Quick Start Guide

Overview

PruebaETL is an ETL (Extract, Transform, Load) pipeline that normalizes customer and sales data from CSV files and loads them into a SQL Server database. This guide will walk you through the complete workflow.

What you’ll accomplish:

Normalize messy CSV files with encoding issues
Extract redundant data into separate reference tables
Generate a SQL Server database with proper relationships
Load data with full referential integrity

Prerequisites

Before starting, ensure you have:

Python 3.7 or higher installed
SQL Server instance (local or remote)
SQL Server Management Studio (SSMS) or Azure Data Studio
Raw CSV files: clientes_prueba_mas_datos.csv and ventas_prueba_mas_datos.csv

Step-by-Step Workflow

Normalize Customer Data

Run the customer normalization script to clean and structure customer data:

python normalizar_datos.py

What it does:

Fixes character encoding issues (UTF-8, Latin-1, CP1252)
Normalizes date formats to YYYY-MM-DD
Cleans text fields (removes extra spaces, special characters)
Extracts cities and segments into separate tables
Generates foreign key references

Sample Input:

cliente_id,nombre,ciudad,segmento,fecha_registro
1,Clínica Guerrero S.A.,La Romana,Individual,2024-11-23
2,Raúl Pérez,San Pedro de Macorís,Retail,2024-12-12
3,Ferretería Guerrero Corp.,San Pedro de Macorís,Individual,2024-01-17

Output Files:

✓ Creado: clientes_normalizados.csv (350 registros)
✓ Creado: ciudades.csv (15 ciudades)
✓ Creado: segmentos.csv (3 segmentos)
✓ Creado: clientes_normalizados_completo.csv (350 registros)

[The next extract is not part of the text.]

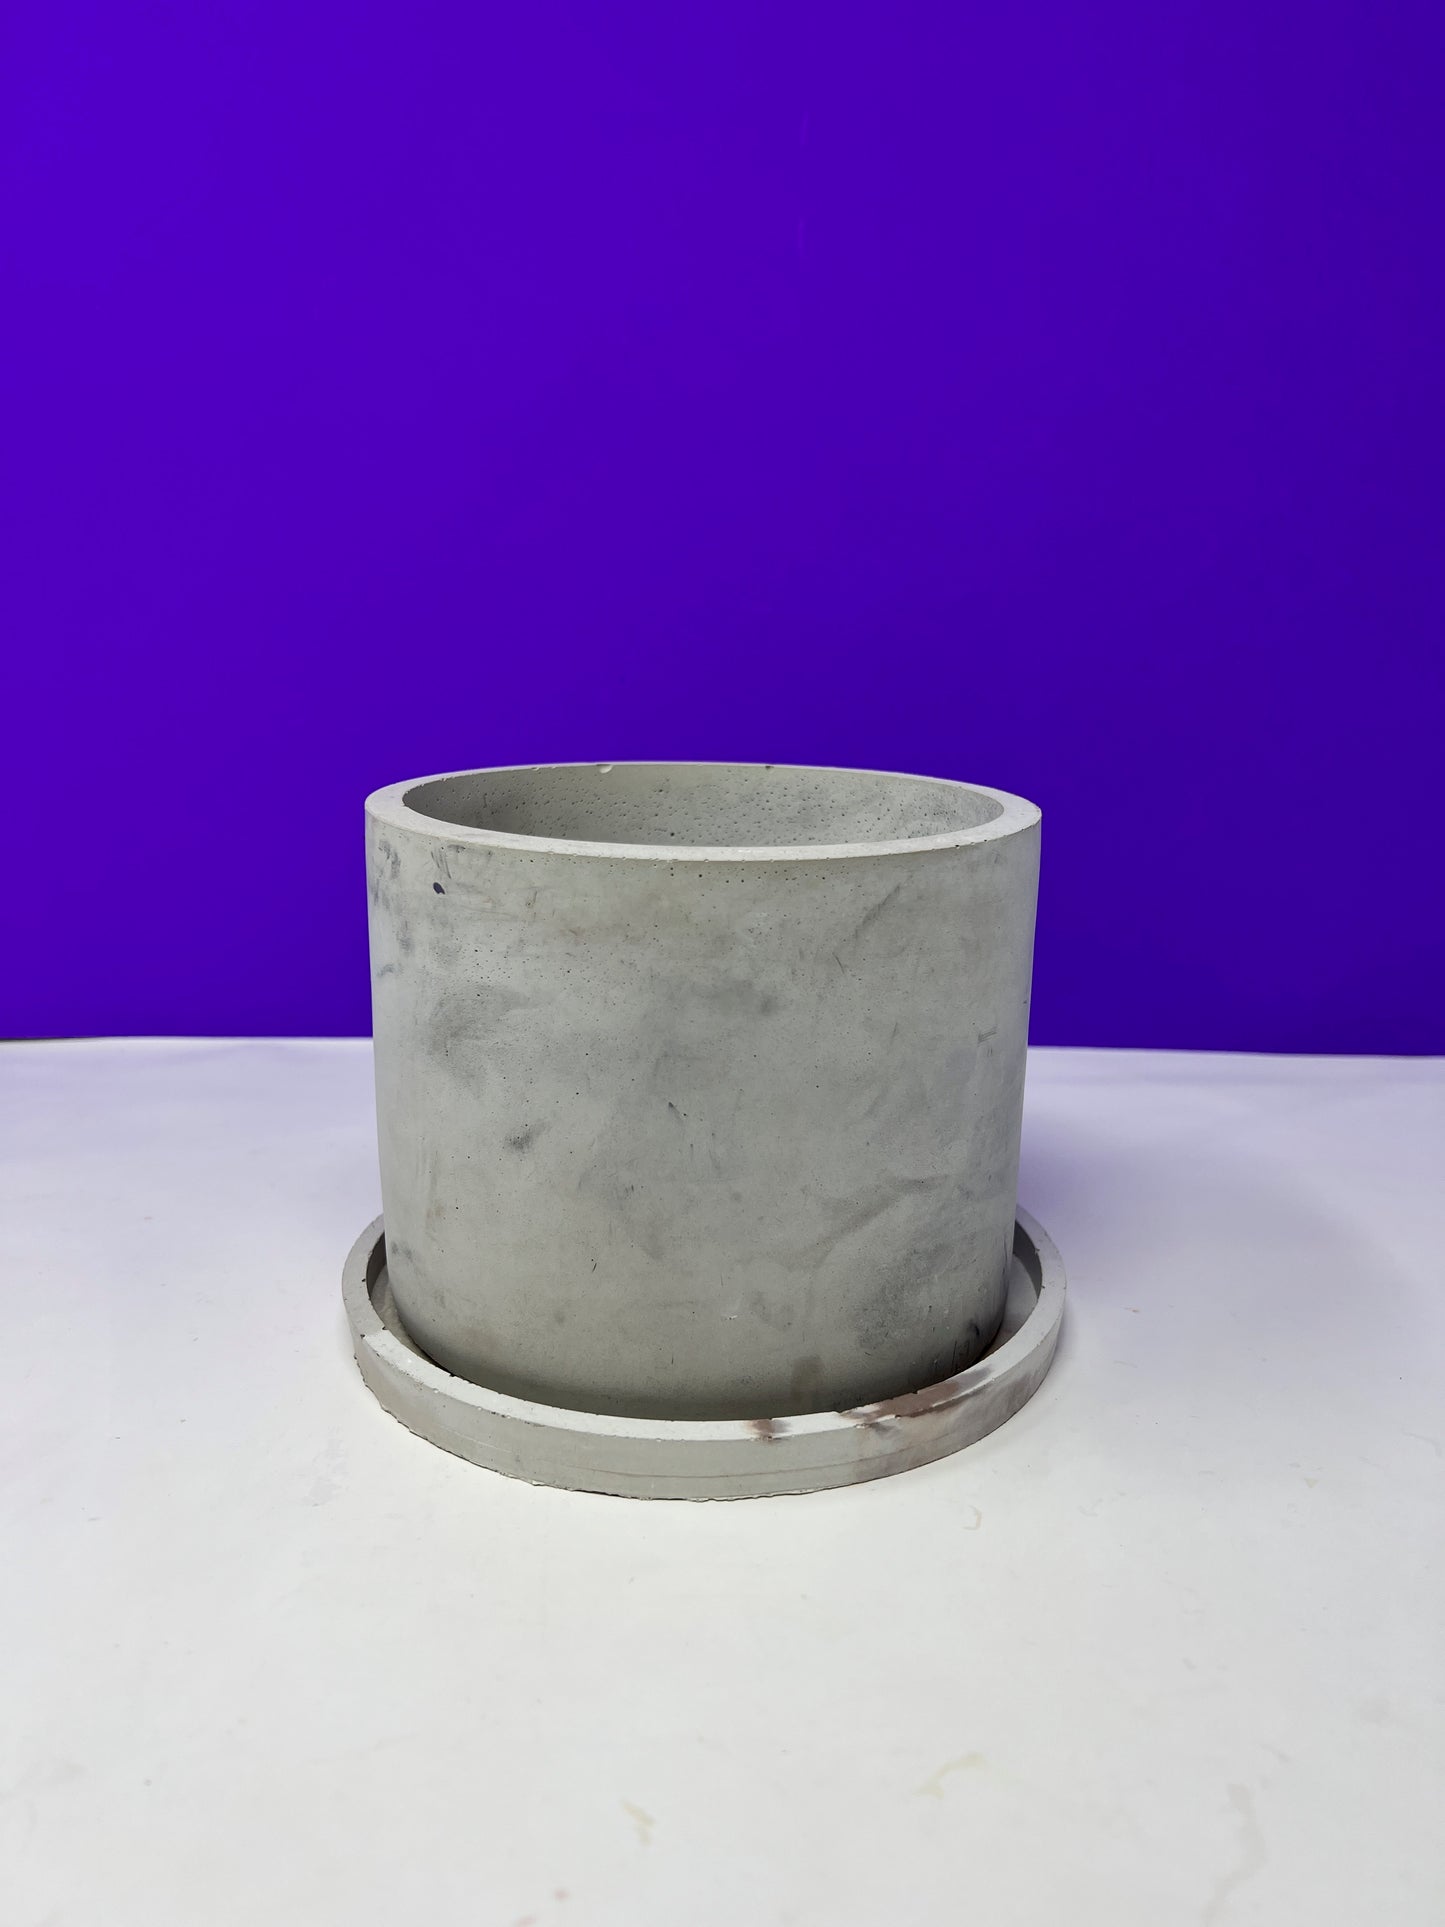 6 inch Concrete Pot

View normalized customer schema

clientes_normalizados.csv:

cliente_id,nombre,ciudad_id,segmento_id,fecha_registro
1,Clínica Guerrero S.A.,10,2,2024-11-23
2,Raúl Pérez,12,3,2024-12-12

ciudades.csv:

ciudad_id,nombre
1,Azua
2,Barahona
3,Higüey

segmentos.csv:

segmento_id,nombre
1,Corporativo
2,Individual
3,Retail

Normalize Sales Data

Run the sales normalization script to process transaction data:

python normalizar_ventas.py

What it does:

Normalizes numeric values (removes commas, handles N/A)
Converts dates to standard format
Extracts sales channels and currencies into lookup tables
Validates foreign key relationships with customers

Sample Input:

venta_id,cliente_id,fecha,total,moneda,canal
1001,66,2025-03-27,1316.31,DOP,kiosko
1002,24,2025-01-09,2912.88,DOP,web
1003,208,2025-02-17,464.1,DOP,callcenter

Output Files:

✓ Creado: ventas_normalizadas.csv (500 registros)
✓ Creado: canales.csv (4 canales)
✓ Creado: monedas.csv (2 monedas)
✓ Creado: ventas_normalizadas_completo.csv (500 registros)

View normalized sales schema

ventas_normalizadas.csv:

venta_id,cliente_id,fecha,total,moneda_id,canal_id
1001,66,2025-03-27,1316.31,1,2
1002,24,2025-01-09,2912.88,1,4

canales.csv:

canal_id,nombre
1,callcenter
2,kiosko
3,tienda
4,web

monedas.csv:

moneda_id,codigo
1,DOP
2,USD

Organize Normalized Files

Move the generated CSV files into a cleanData directory for SQL script generation:

# Create the directory
mkdir cleanData

# Move normalized files
mv ciudades.csv segmentos.csv clientes_normalizados.csv cleanData/
mv canales.csv monedas.csv ventas_normalizadas.csv cleanData/

The SQL generation script expects normalized files in the cleanData/ directory. The original input files should remain in the project root.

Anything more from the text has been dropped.